• _EXERCISE_
Only the lines from the one with "Eric Clapton and Steve Winwood" through the end of the material are wanted, copied exactly and with the pictures left out.

• _STORED DATA_
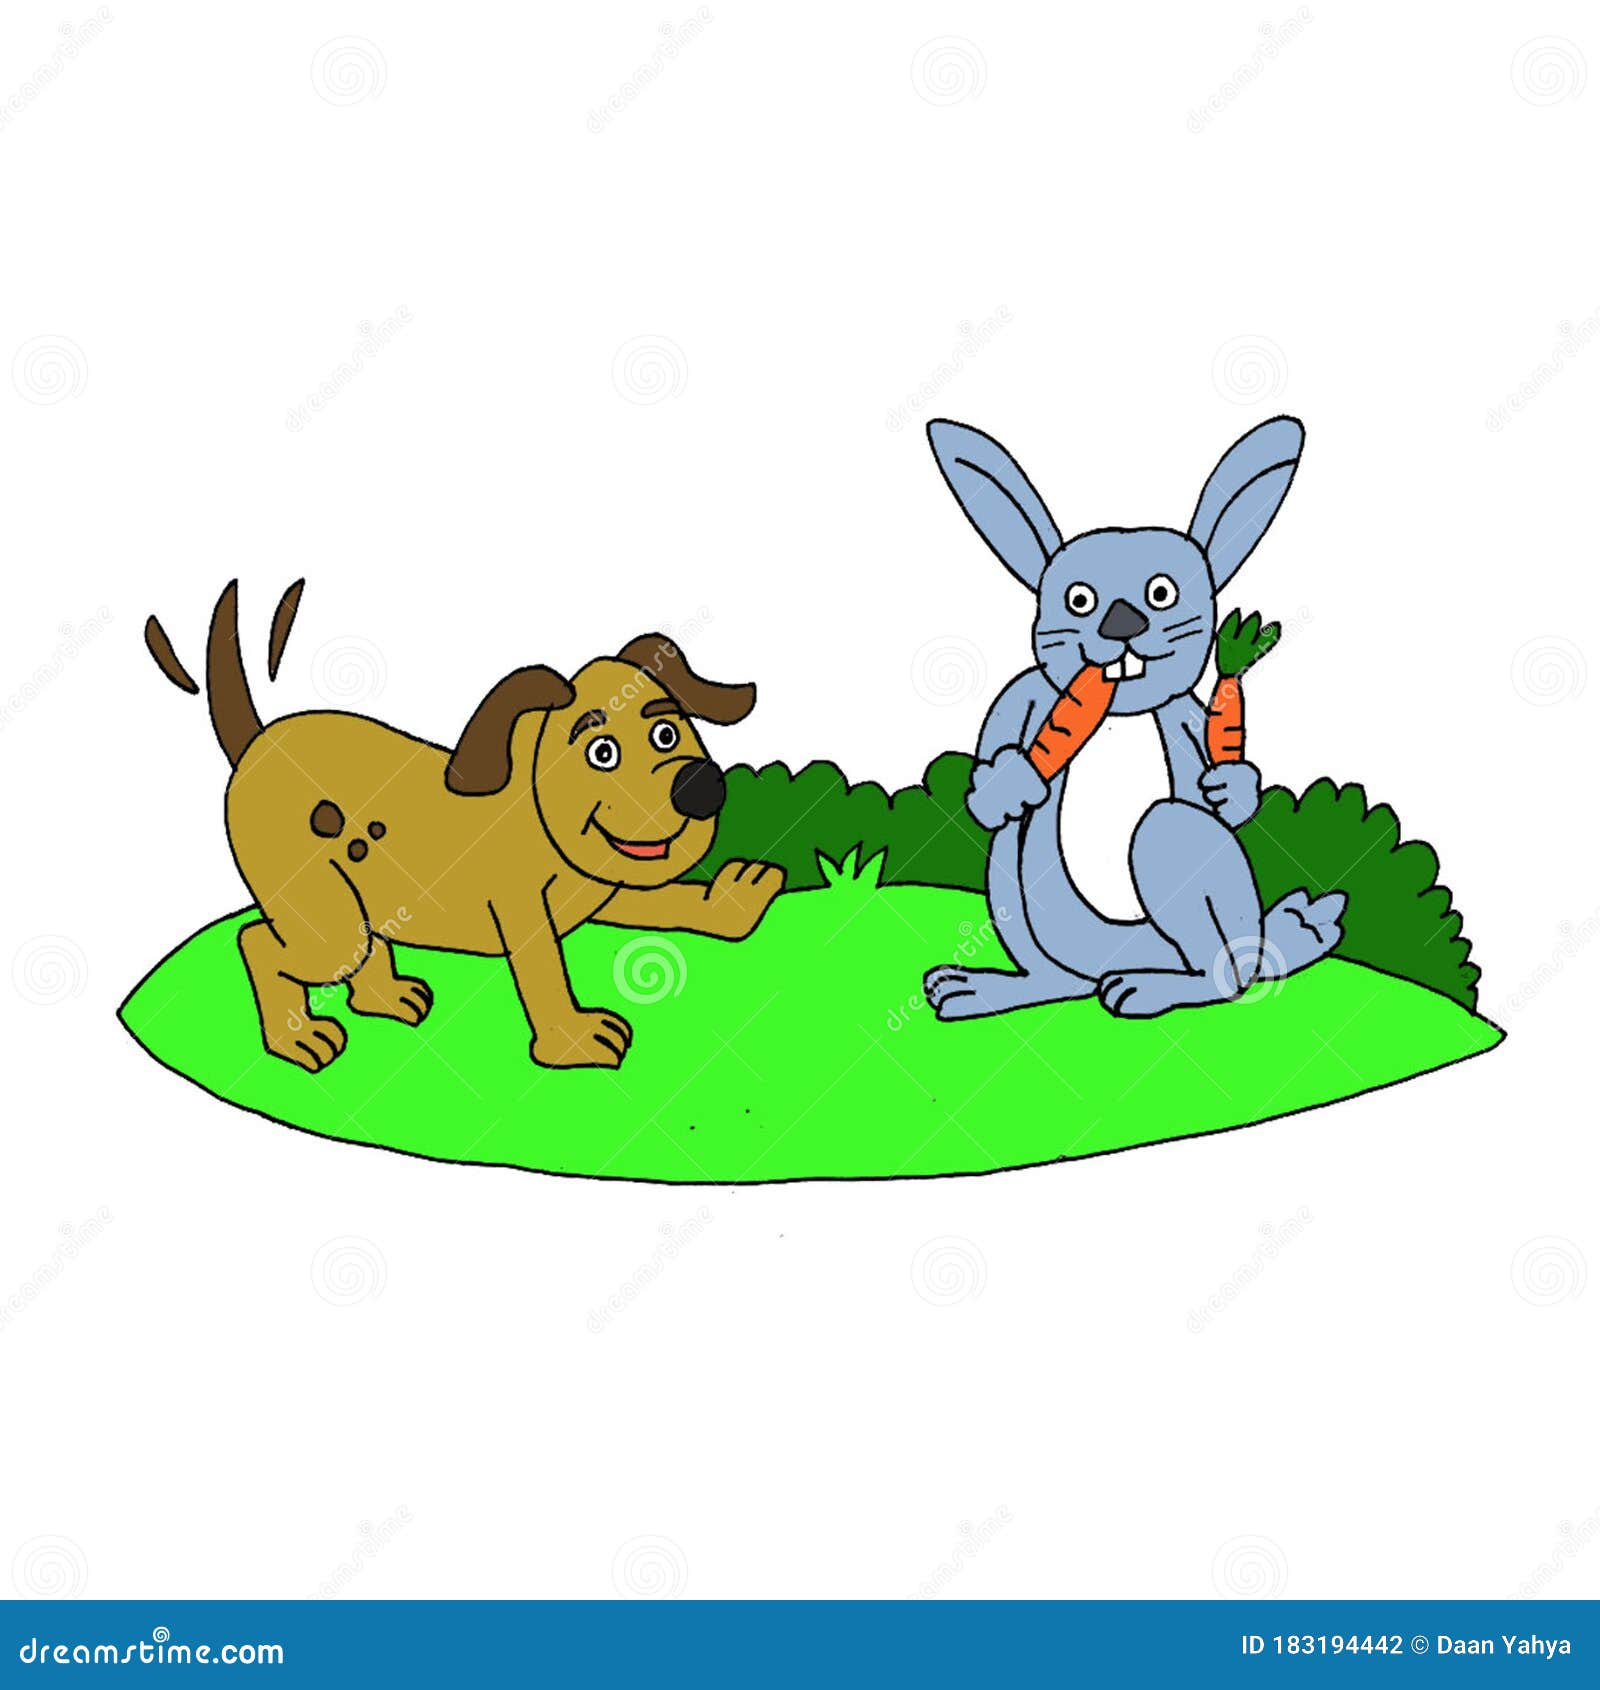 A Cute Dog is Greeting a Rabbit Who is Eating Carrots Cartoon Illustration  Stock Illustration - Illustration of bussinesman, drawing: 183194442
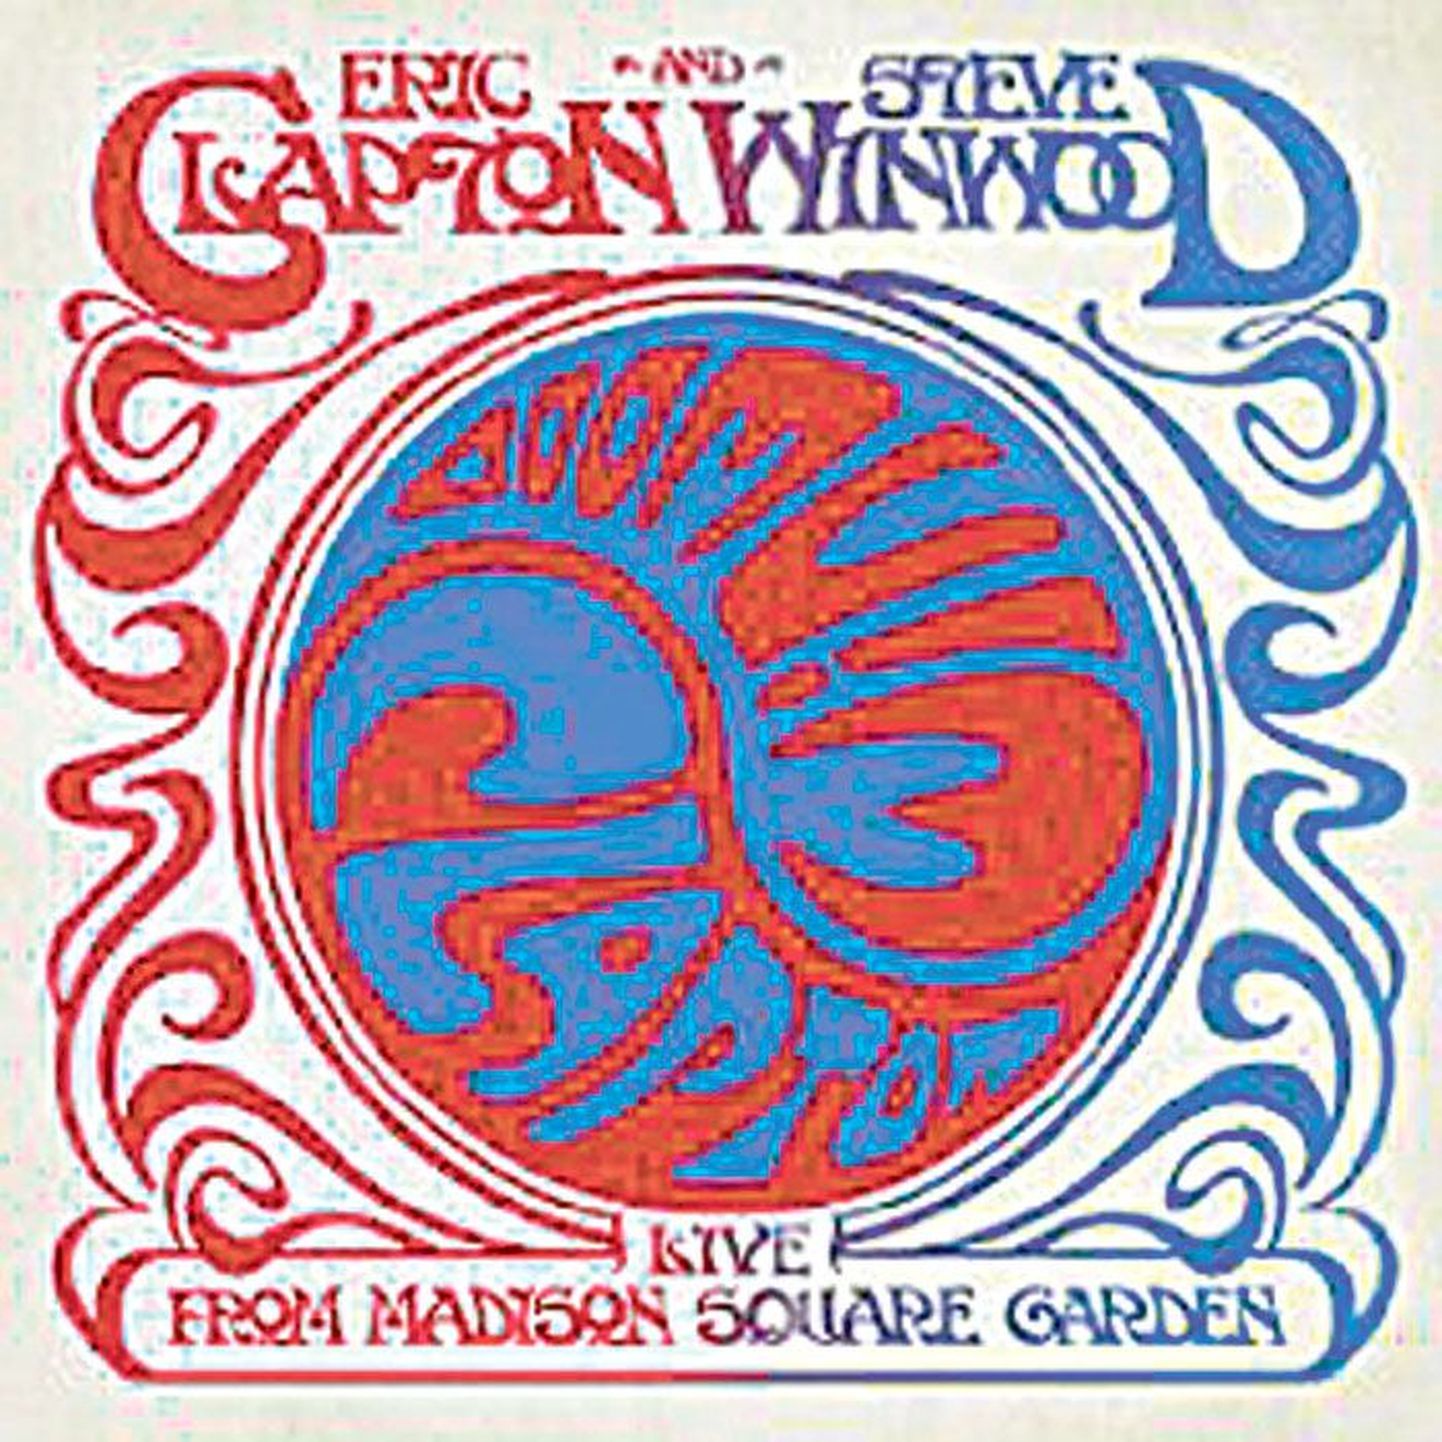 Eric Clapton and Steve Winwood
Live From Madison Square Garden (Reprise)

• _TASK RESPONSE_
 Eric Clapton and Steve Winwood
Live From Madison Square Garden (Reprise)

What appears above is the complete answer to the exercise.